Was this something for the specialist astronomer/elite/religious folk? Or also the Assyrian equivalent of MB?

I might be doing ancient civilisations a disservice, but I doubt a lot of organised debunking went on.
If something interesting or unusual were seen in the sky, the proto-astronomers- more like astrologers, I'd guess- would try and work out what it portended / which god was running the show.

E.g. (if not particularly ancient) I wouldn't fancy going to the Aztec Emperor and saying,
"I've looked at the figures, and it turns out there isn't a connection between crop yields and the number of human sacrifices..."
 
Because (1) We have winter, and spend nights in our houses. (2) We have television and internet, and are not out looking at the sky. But the big one: (3) We have sky pollution, both from things in the sky and from the atmosphere, especially near the cities in which most of us live.

I was once at a ranger-led campfire talk about the sky and the constellations, in a national park in the American southwest desert. That was, seriously, the first time I had seen the Milky Way since my childhood. There were things on brilliant display that I had NEVER seen before in suburban Cleveland, and that's in spite of sky-watching by lying outside, flat on my back on the patio at zero degrees F, because the air was (comparatively) as clear as it ever gets at home.

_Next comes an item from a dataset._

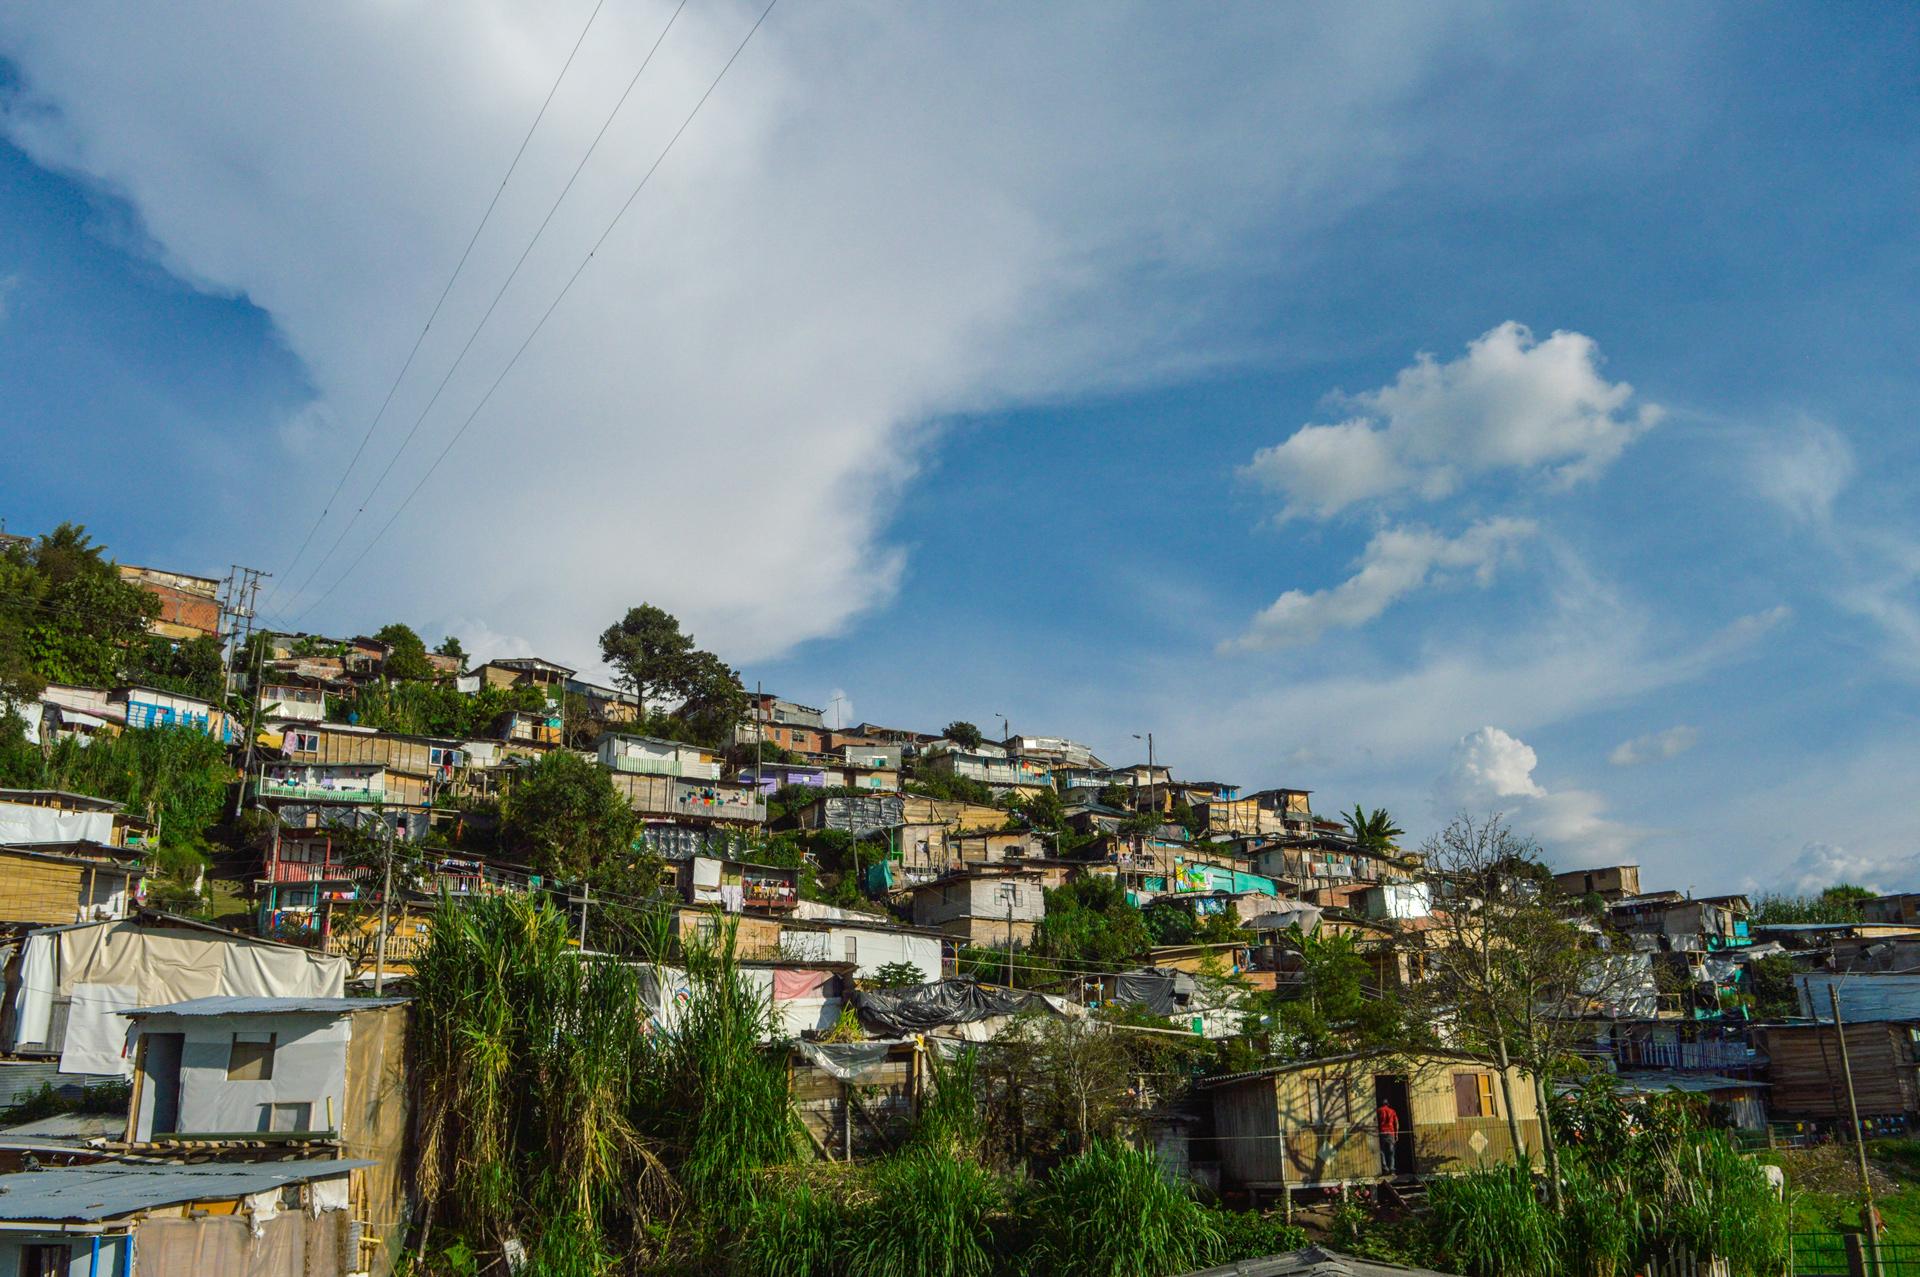 Barrio - Las Brisas - Pereira
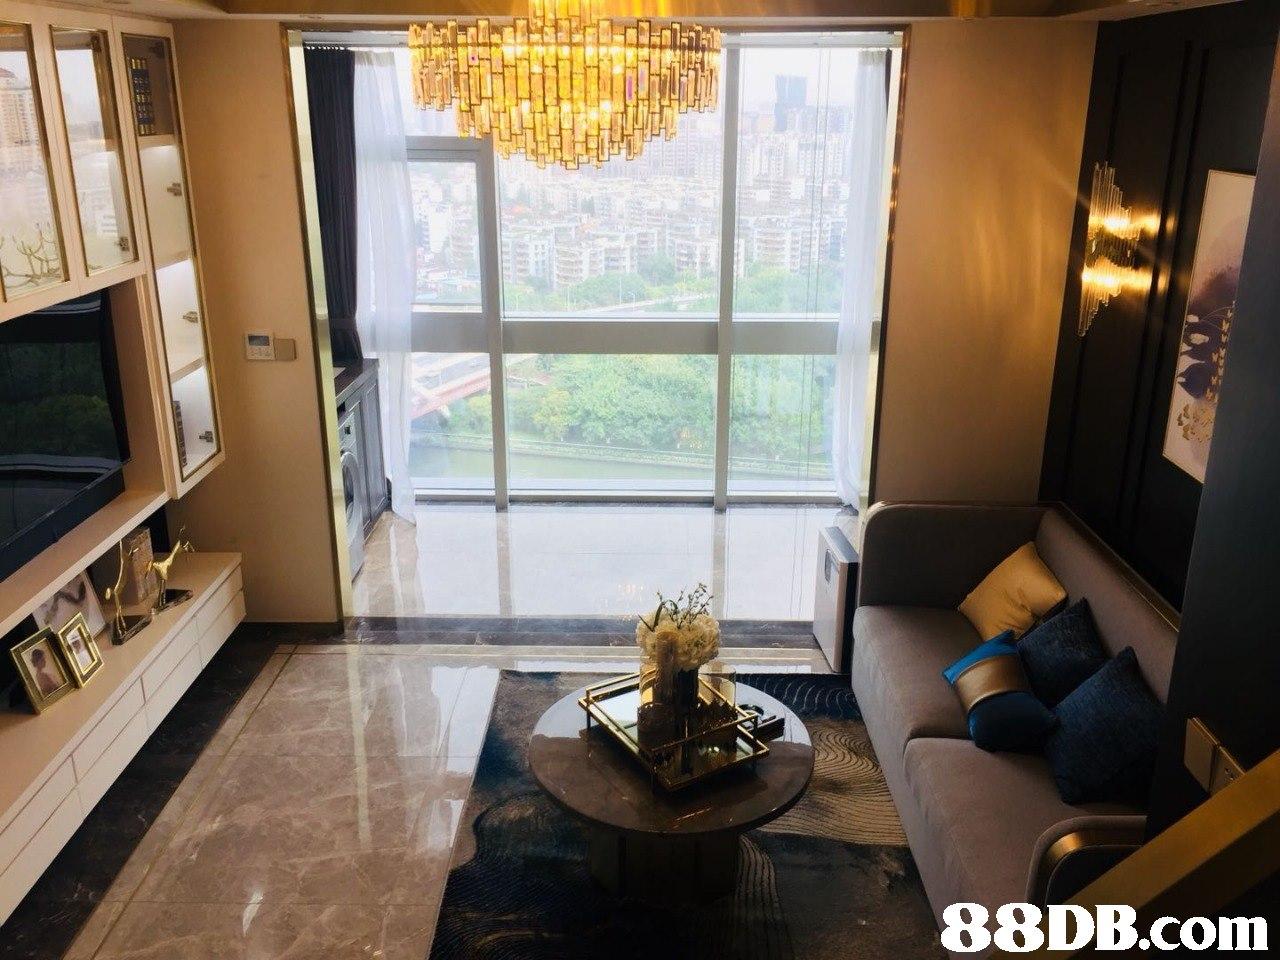 property,room,living room,interior design,window

Yeah. I was on a camping trip a couple years ago in the Owens Valley/Mammoth lakes region of California and the milky way was clearly visible. Starlink flares were kind enough to make an appearance. My nightly view in Suburbia is pathetic compared to that, astrologers would never have made it in brightly lit neighborhoods.
 
Because (1) We have winter, and spend nights in our houses. (2) We have television and internet, and are not out looking at the sky. But the big one: (3) We have sky pollution, both from things in the sky and from the atmosphere, especially near the cities in which most of us live.

I was once at a ranger-led campfire talk about the sky and the constellations, in a national park in the American southwest desert. That was, seriously, the first time I had seen the Milky Way since my childhood. There were things on brilliant display that I had NEVER seen before in suburban Cleveland, and that's in spite of sky-watching by lying outside, flat on my back on the patio at zero degrees F, because the air was (comparatively) as clear as it ever gets at home.
As I've said many times, I'm bortle 9, and venus is the third brightest object in the sky after the sun and the moon.

I just think that the concept of aliens from other planets being given higher priority than other planets is putting the cart before the horse.